The Epidemiologic Comparison of Two Correlated Relative Risks: A Simple but Efficient Clinical Trial Design for Assessing Risk-Reduction and Treatment Significance

¹

VA Cooperative Studies Program Coordinating Center, 2 Avenue de Lafayette, Boston, MA 02111, USA

²

Department of Radiation Oncology, School of Medicine, Case Western Reserve University, Cleveland, OH 44206, USA

³

Department of Biostatistics, Boston University School of Public Health, Boston, MA 02118, USA

⁴

Provider Services, Signify Health, 4055 (S-700) Valley View Ln, Dallas, TX 75244, USA

⁵

Division of Mathematics, Analytics, Science, and Technology, Babson College, Wellesley, MA 02457, USA

^*

Author to whom correspondence should be addressed.

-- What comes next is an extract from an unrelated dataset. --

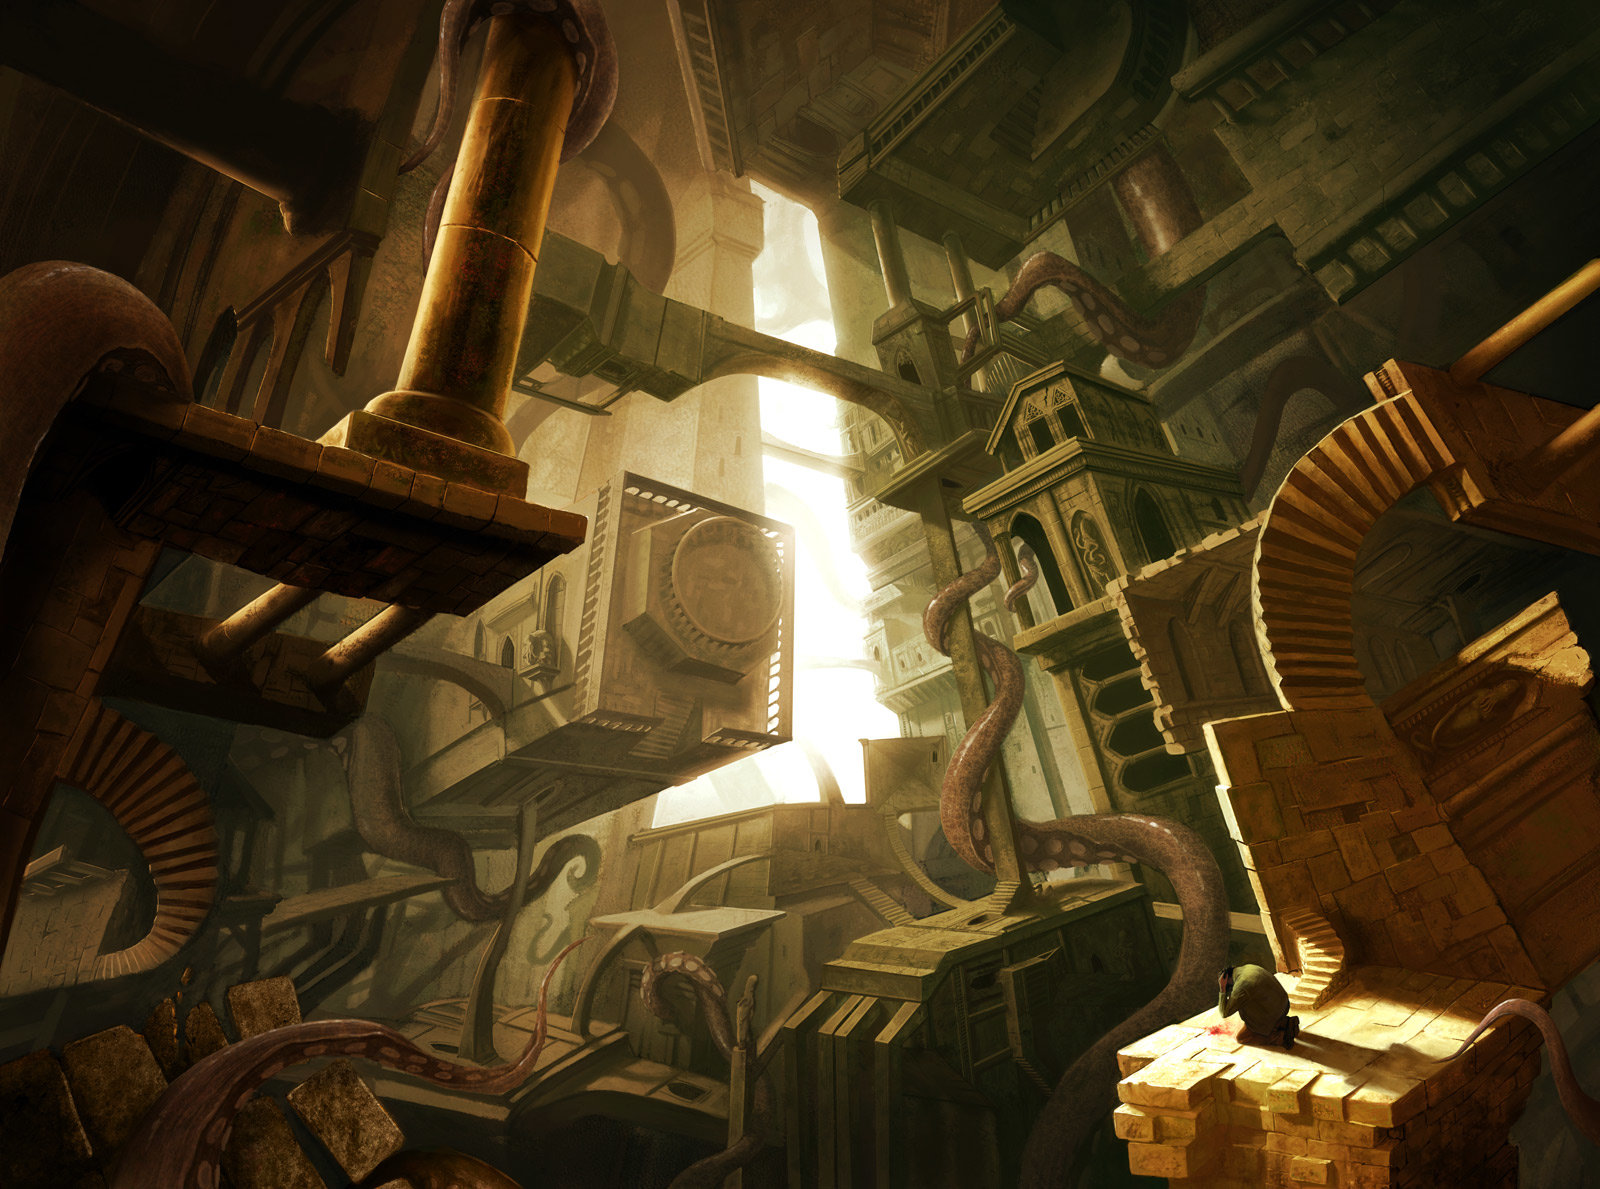 The Sci-Fi & Fantasy Art of Marc Simonetti

Medicina 2026, 62(1), 70; https://doi.org/10.3390/medicina62010070

Submission received: 27 July 2025 / Revised: 18 November 2025 / Accepted: 23 December 2025 / Published: 29 December 2025

(This article belongs to the Section Epidemiology & Public Health)

Download

Browse Figure

Versions Notes

Abstract

In the context of platform design, umbrella trials are a type of master protocol in which multiple treatments are randomized and evaluated with respect to a common, referent-control arm. In a simplified (1:1:1), non-adapted case, this is equivalent to the epidemiologic comparison of two correlated relative risks for assessing risk-reduction on the log-difference scale. The use of shared controls has the potential to reduce study time and costs but infers greater complexity to account for the covariance between relative effect estimates (i.e., dependence arising because treatment arms use the same referent group). Multiplicity adjustment is unnecessary on the log-difference scale (three-group design) as this is a single test statistic for interaction. An intuitive, risk-reduction (LDL-C statin) example is presented to illustrate the practical application of this method.

Keywords:

common referent-control; correlated relative risks; log-difference scale; risk-reduction; umbrella trials

1. Introduction

An efficient and cost-effective clinical trial design involves comparing two or more treatment groups to a single, shared referent-control arm. This reduces the overall number of patients randomized to a comparison group by half, offering greater appeal to patients, drug companies, and investors [1]. In the basic instance of a new versus legacy therapy, relative to a common control group, this epidemiological approach is innovative, practical, and methodologically rigorous. A key advantage of the (1:1:1) design entails the simultaneous assessment of risk-reduction and treatment significance.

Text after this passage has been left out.